Ask Jillian January 2025
How do you get yourself to practice other styles and structures of yarn? I learn to do something new and then just go back to my default yarn. I want to make new yarns!
Eleanor, Ithaca, New York
Hi Eleanor,
It’s sometimes hard to get yourself to practice new things. For me, I find it comes down to comfort – I love spinning my default yarn! It’s also some combination of not being sure what to do, wanting my new yarn to be perfect on the first go, and being overwhelmed by all of the possibilities.
Here’s how I encourage myself to practice and experiment with new things.
Make it enjoyable
Use your favorite fiber and color and use your favorite wheel. These things will make the spinning more pleasurable, but you also know exactly how these things behave, so you don’t have the added layer of figuring out a new or finicky fiber or using a wheel that you may not be able to adjust on the fly.
I also pick something that I’m excited about to watch or listen to while I’m practicing. A TV show, podcast, or book that I only watch or listen to while practicing will get me to my wheel and my new yarn. A bonus to this is it also naturally sets a time limit; working on a new yarn regularly for smaller bites of time, happily spinning, is better for learning than sitting at the wheel for hours and hours exhausting yourself.
Make a plan
Have an idea of what you’d like to spin, and be sure to make it smallish. I find it’s better to make a plan that has several yarns that are building blocks to a bigger goal. Even better if it’s tied to something else you are already excited about or are expanding on.
For example, I want to get better at spinning a worsted yarn consistently at a variety of sizes. That’s a giant and kind of amorphous goal. It’s not a goal that will get me running to my wheel. But if I shift it into a series of yarns tied to other things I want to do or am already interested in, I get excited to spin.
Two yarns are at the top of my worsted spinning list this winter: 1) a fingering weight yarn (smaller than my default) out of a soft short-stapled fiber (a challenge to keep consistent) to make a Sophie Scarf (not a huge amount of yarn and a cozy project for winter), and 2) a low-twist worsted yarn to experiment with grist (a long-time obsession) – I’m looking for the lightest worsted yarn I can make.
If you tie your plan to a very specific yarn or pattern it will motivate you even more.
Make notes
I talk about this a lot (it helps me to remember to do it too): figure out a way to keep notes on your spinning and keep track of your goals and experiments. You will learn so much about your spinning!
Keep notes on fiber, prep, draft, wheel setup, ply, and finish for each of your yarns. Then make your yarn into a swatch in whatever craft you are working in, and evaluate your outcome. Make more notes on what worked and didn’t, suggest adjustments, and dive in for another sample. Keep repeating the process until you have the yarn you want.
Is it weird that when I’m learning and experimenting, I’m excited for my yarns to be not quite right? I learn so much more from a yarn that went off the rails when I go through the evaluate–adjust process.
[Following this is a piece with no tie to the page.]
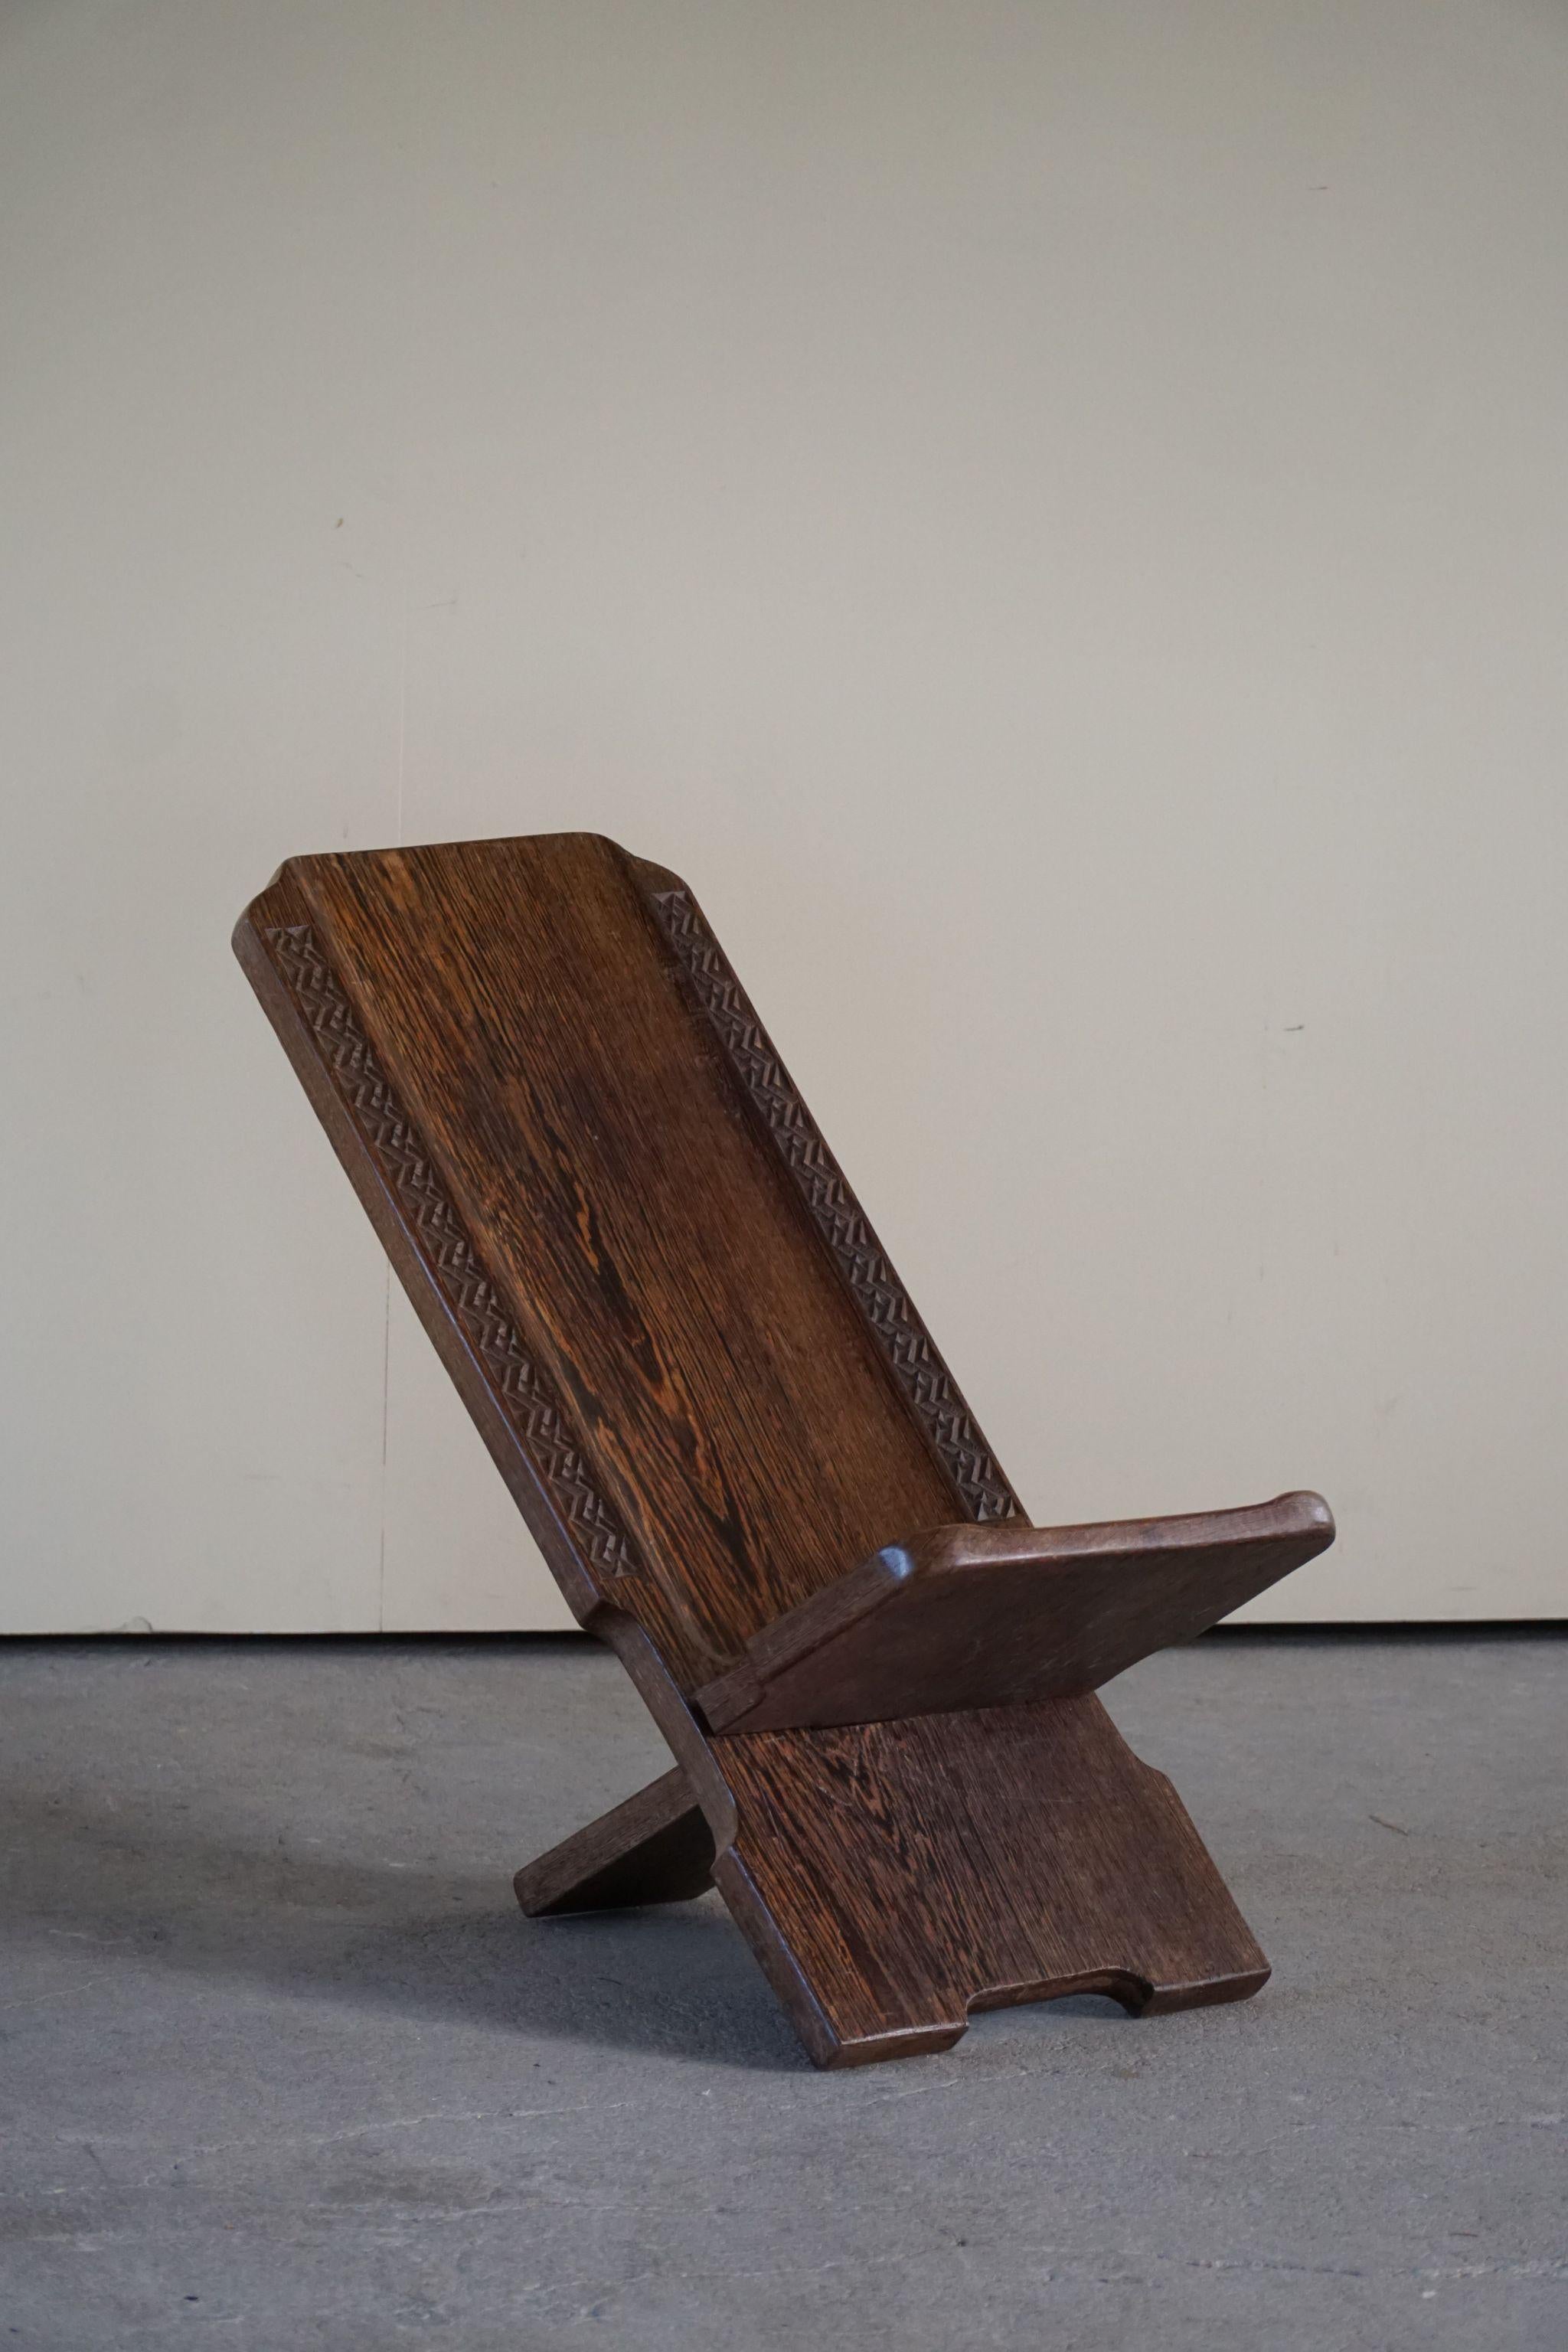 Primitive African Tribal Hand Carved Folding Palaver Chair, Wabi Sabi, 1970s For Sale 2

I like to tell my students, if you want to be a better spinner you have to make a lot of crappy yarn.
Make it public
Tell your spinning friends about your plans and goals; they will cheer you on the whole way. Chances are someone in your spinning group will be really good at what you want to do and give you tips.
Watching other spinners spin the type of yarn you want to make helps too: friends, students in class, YouTube videos, and if you are a member of the PLY Spinners Guild, you can watch a variety of teachers do their thing.
Everyone spins a little differently; a room full of spinners making a 3-ply, worsted, fingering weight yarn will be a room full of different techniques – no one will have twist between their hands, but they will hold the fiber and draft in their own unique way, and seeing that always helps me tweak my own spinning style for the better.